Media types… their bodies and faces buzzed with glee, exhilaration-a jubilant awareness that for once, just now, at this particular right-angled intersection, they didn’t have to sit in a cinema or living room in front of a TV and watch other beautiful people laughing and hanging out: they could be the beautiful young people themselves. See? Just like me: completely second-hand.
The clubbers, the scene gays, the old boys heading to their drinking clubs-all formatted. Then suddenly he notices a group of homeless people, the way they take messages up and down the street to each other, with a sense of purpose, really seeming to own the street, interacting with it genuinely. He makes contact with one of them. He takes him to a local restaurant, buys him a meal. He wants to ask the boy something, but he can’t get it out. Then the wine spills:
The waiter came back over. He was… She was young, with large dark glasses, an Italian woman. Large breasts. Small.
“What do you want to know?” my homeless person asked.

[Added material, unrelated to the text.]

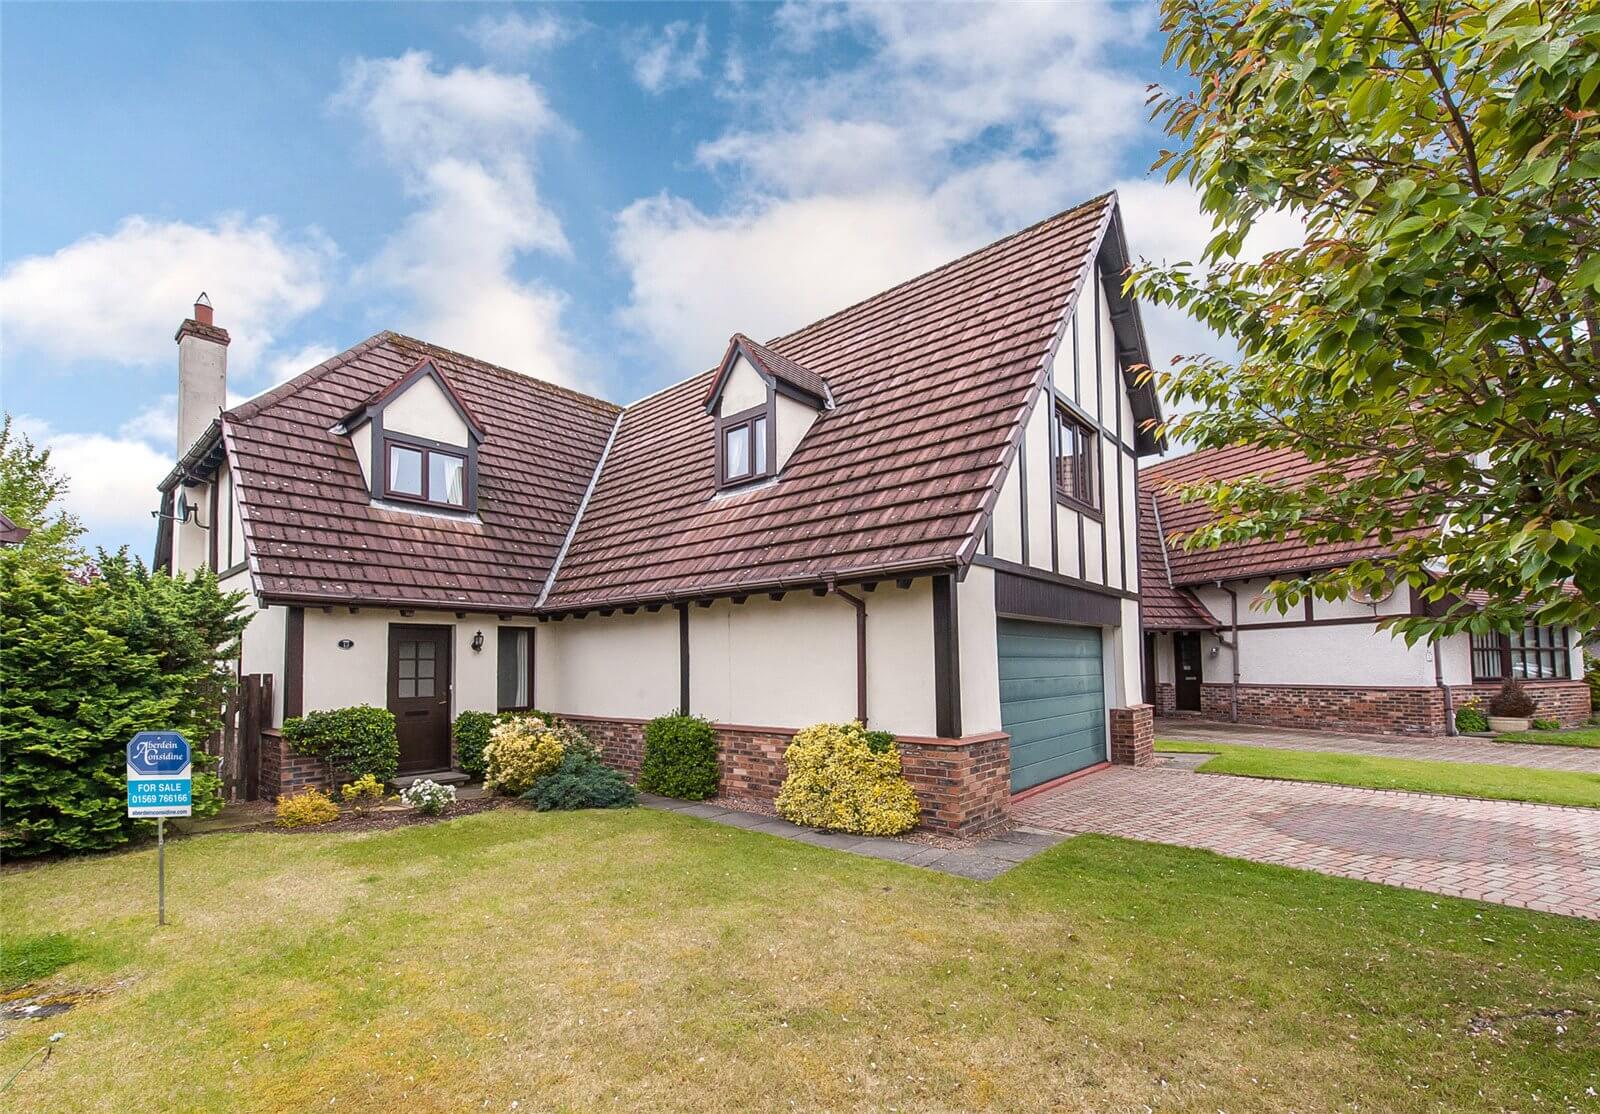 Our latest properties for sale and to let (10th June 2019)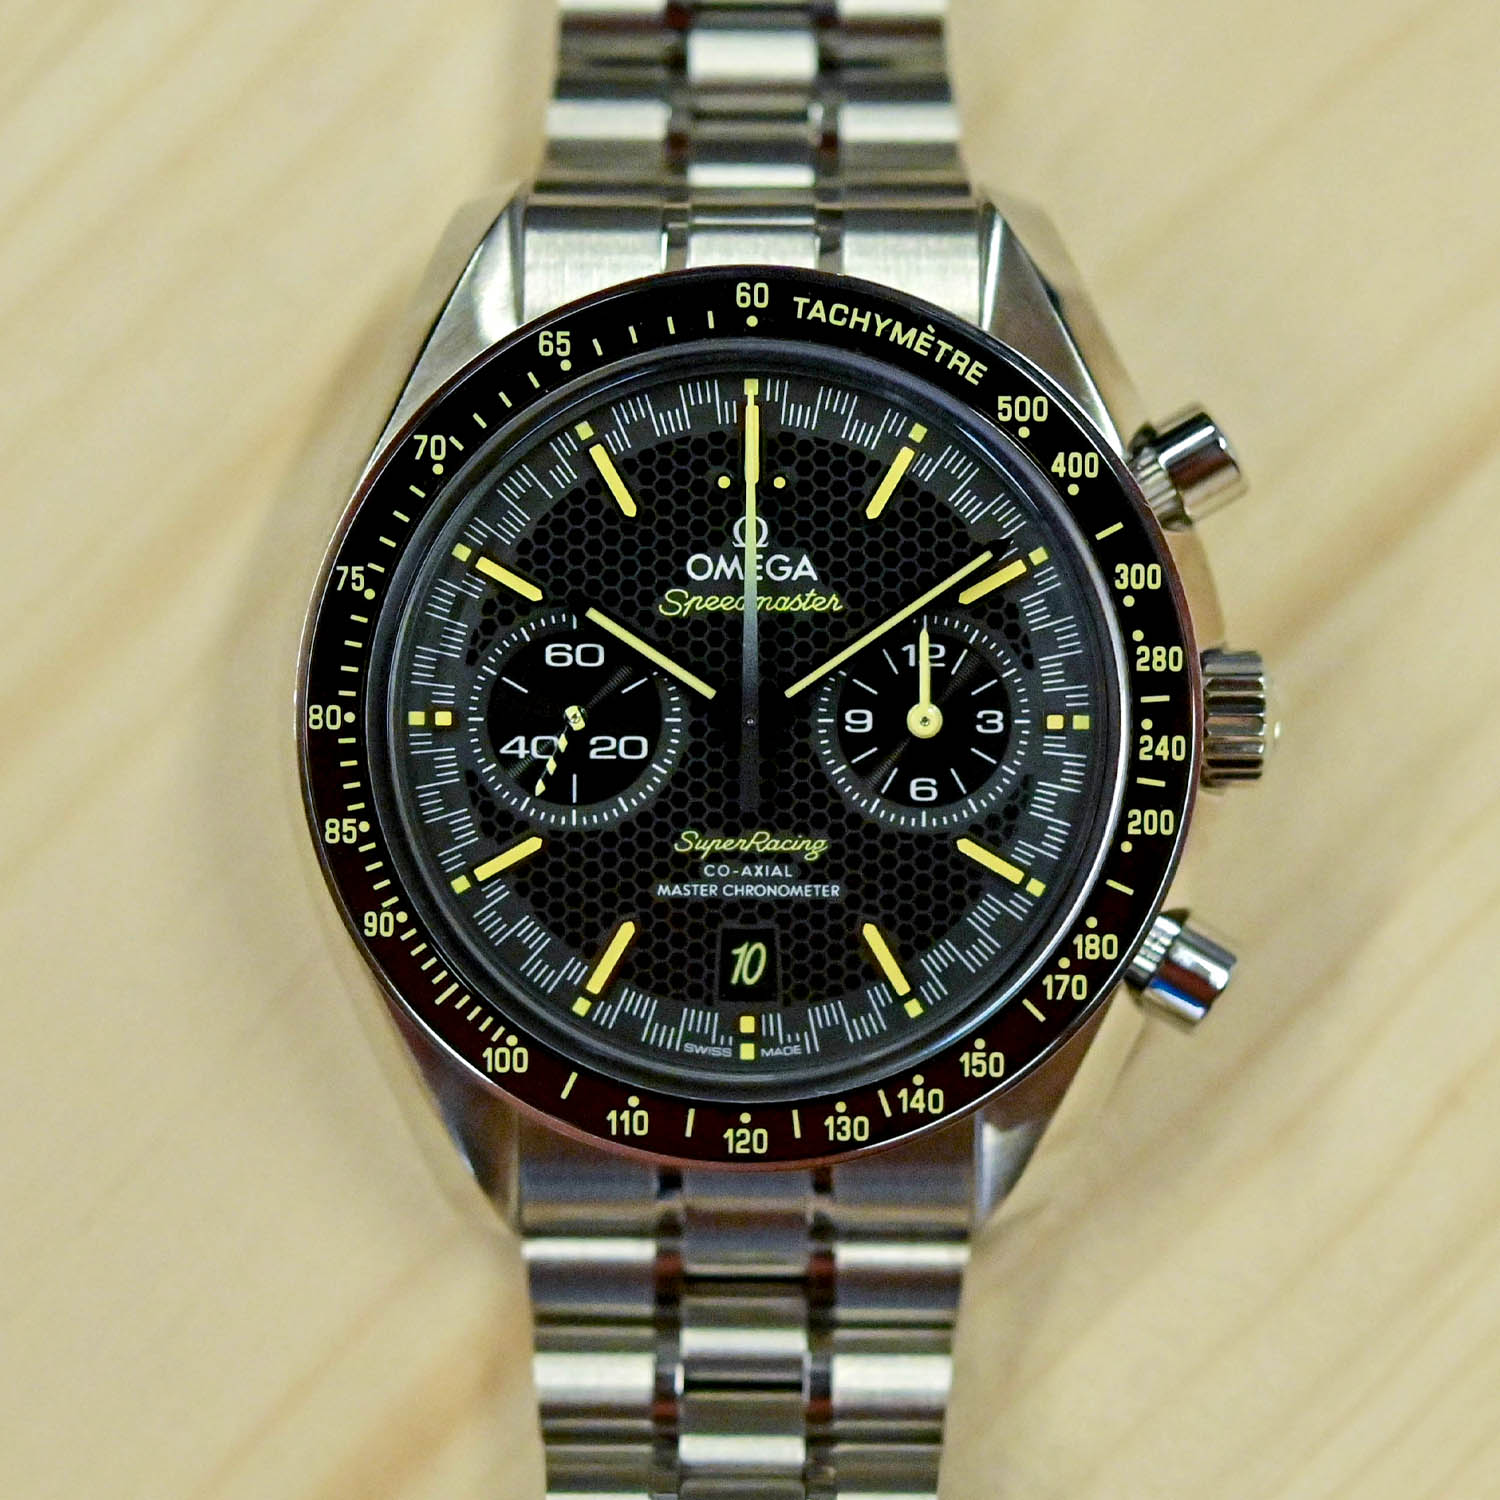 Omega Speedmaster Super Racing and Spirate System - video review

“I want to know…” I started, but the waiter leant across me as he took the tablecloth away. She took the table away too. There wasn’t any table. The truth is, I’ve been making all this up-the stuff about the homeless person. He existed all right, sitting camouflaged against the shop fronts and the dustbins-but I didn’t go across to him.
Because, in fact, the homeless are just like everyone else:
They had a point to prove: that they were one with the street; that they and only they spoke its true language; that they really owned the space around them. Crap: total crap… And then their swaggering, their arrogance: a cover. Usurpers. Frauds.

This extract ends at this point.